We have unreached people groups
In Ireland there are a number of areas with insufficient Christians to reach post-Catholic people, as well as growing numbers of Muslim migrants.  In the UK, churches have not engaged sufficiently with Muslims and other migrant communities, leaving millions of people without a credible Gospel witness. 

The UK and Ireland provide freedom for migrants coming from countries closed to the Gospel.  Missionaries also have great freedom to preach the Gospel.  One can freely access an incredible amount of Gospel materials in a large variety of languages and distribute them without any risk of arrest.

It is relatively easy to access the UK and Ireland through various long-term visas.  The security situation in both countries is stable and access to affordable health care and education is also excellent.  Because both nations are accessible, a range of different people can serve here.  For example, reaching Afghanis in Afghanistan might well require someone with a particular apostolic calling and strong physical health, but people without those particular giftings can still reach Afghanis in the UK.  Many UK churches in Muslim-majority neighborhoods and church plants in Ireland would be greatly blessed by mature believers, who might not be able to serve in other parts of the world. 

English speakers can minister in Ireland and to many migrants in the UK without needing to learn an additional language.  Ministering effectively to refugees and other recently arrived migrants might require learning an additional language, which can be done here. 

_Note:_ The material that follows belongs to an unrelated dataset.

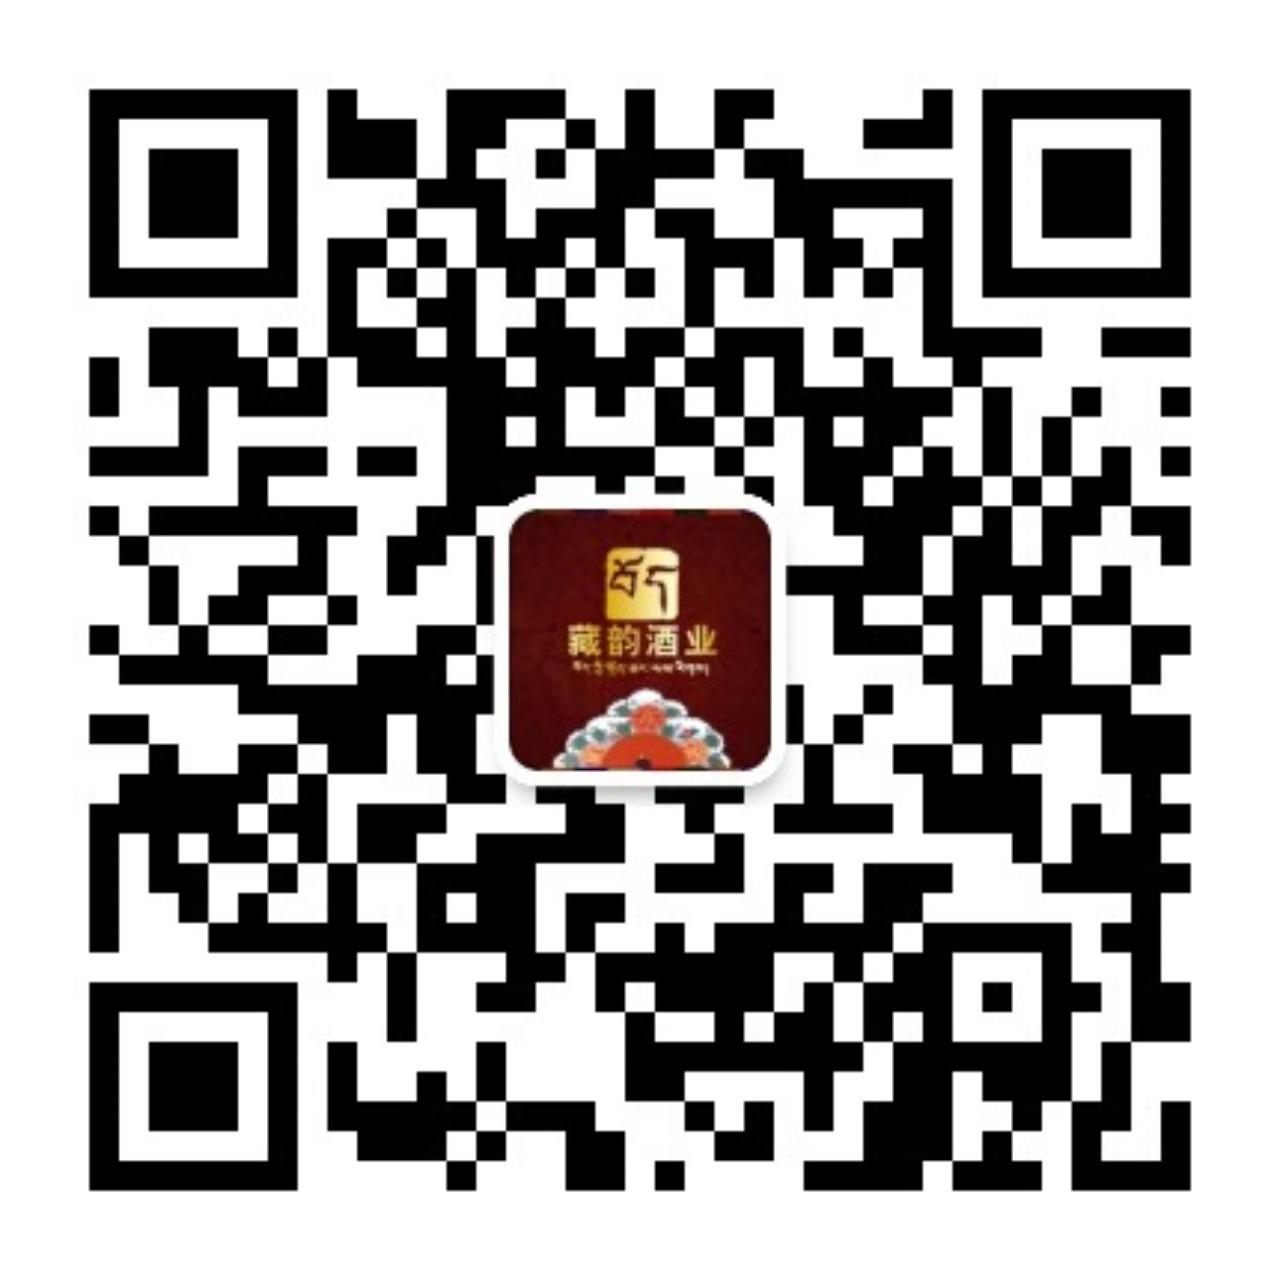 a11e7f19-d3a2-4255-a7a6-7cc2c63ae264
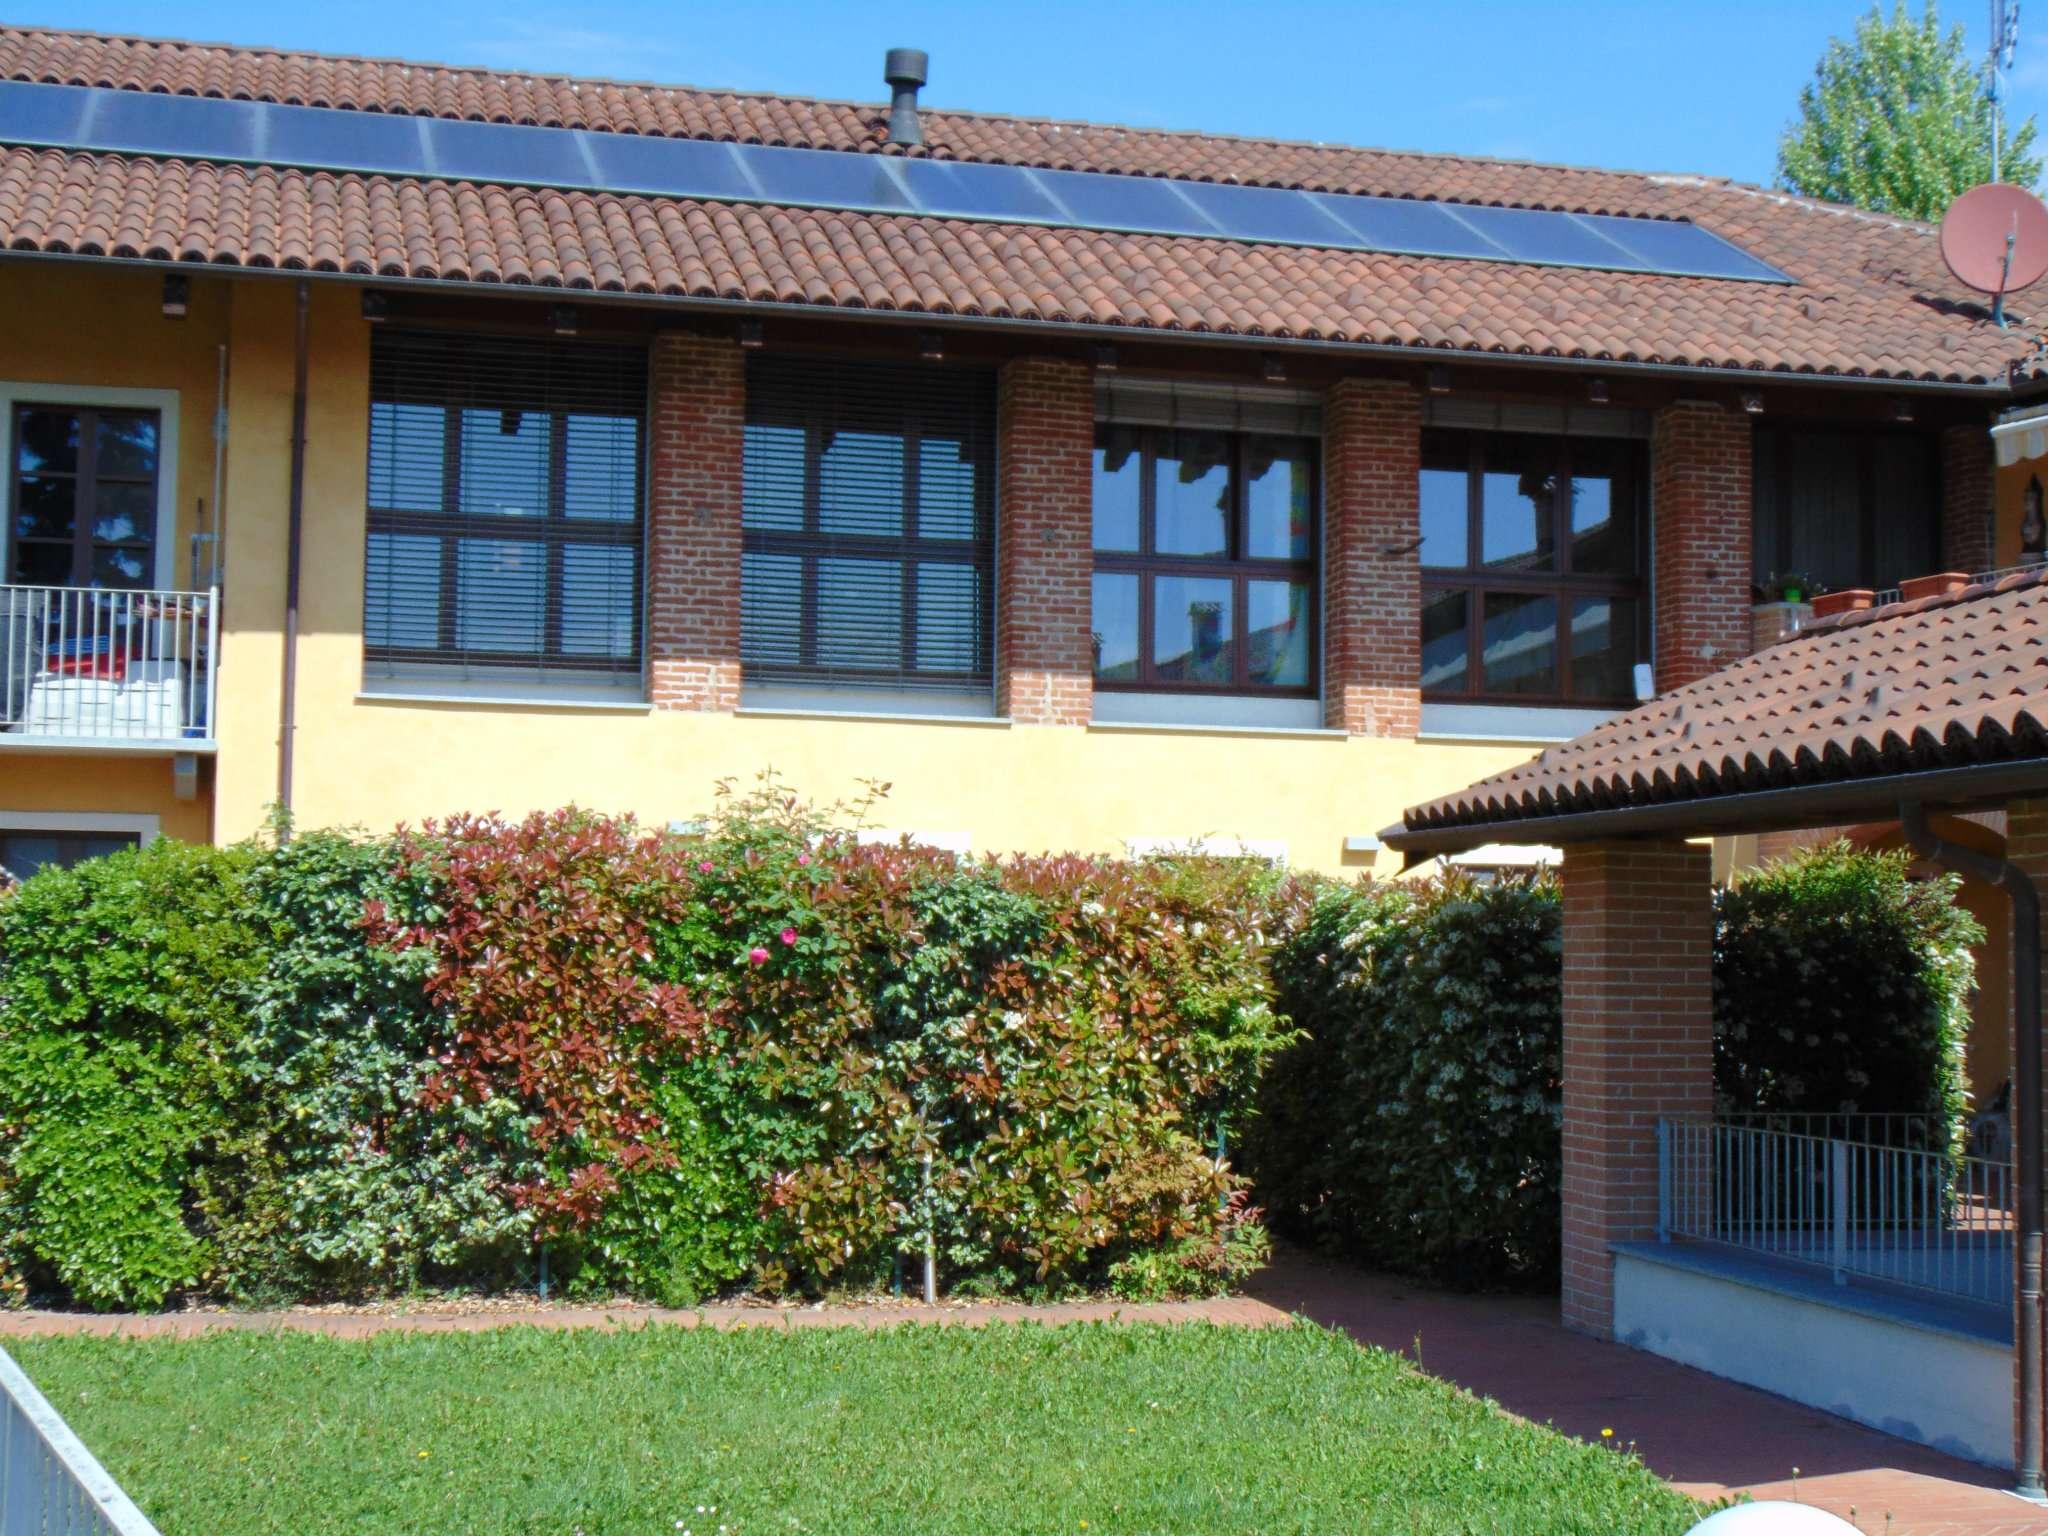 Soluzione Semindipendente in vendita a Bruino, 5 locali, prezzo € 199.000 | CambioCasa.it

Partnership with local churches
Missionaries have opportunities to partner with local churches, which provides additional resources for evangelism and discipleship to unreached people groups, as well as the joy of local fellowship. Since the local church is present and vibrant in many areas, a wide variety of models of team and ministry can exist in the UK and Ireland, unlike in places where the missionary team needs to be the primary source of fellowship, partnership, and worship. Involvement in the local church and community supplements the team’s role in providing a feeling of connectedness and the offering of pastoral care and spiritual support. 

Identifying with migrants
For those ministering to migrants in the UK, it is often an advantage to be a foreigner. As a fellow foreigner, missionaries have an understanding of what it feels like to be a migrant and the challenges it presents in the UK. 

Variety of ministry opportunities
It is possible to engage in a range of different ministry opportunities, including street evangelism, preaching, English teaching, discipleship, service projects, hospitality, interfaith dialogue, and much more.  Given the variety of ministry opportunities, the UK and Ireland are also excellent places to come and learn for a season, even if missionaries eventually heading to a different location. 

Reaching two countries in one
Given that many migrants in the UK still have significant links to their country of origin, reaching diaspora people here will often also provide an opportunity to influence people back in their home country, thereby reaching two places at once. 

A great multitude from all “tribes and peoples and languages” will stand before the throne and before the Lamb (Revelation 7:9) and they will cry out, “’Salvation belongs to our God who sits on the throne, and to the Lamb!” (Revelation 7:10).  Perhaps the Lord is calling you to play a role in gathering the multitude from across the globe to Him in the UK and Ireland.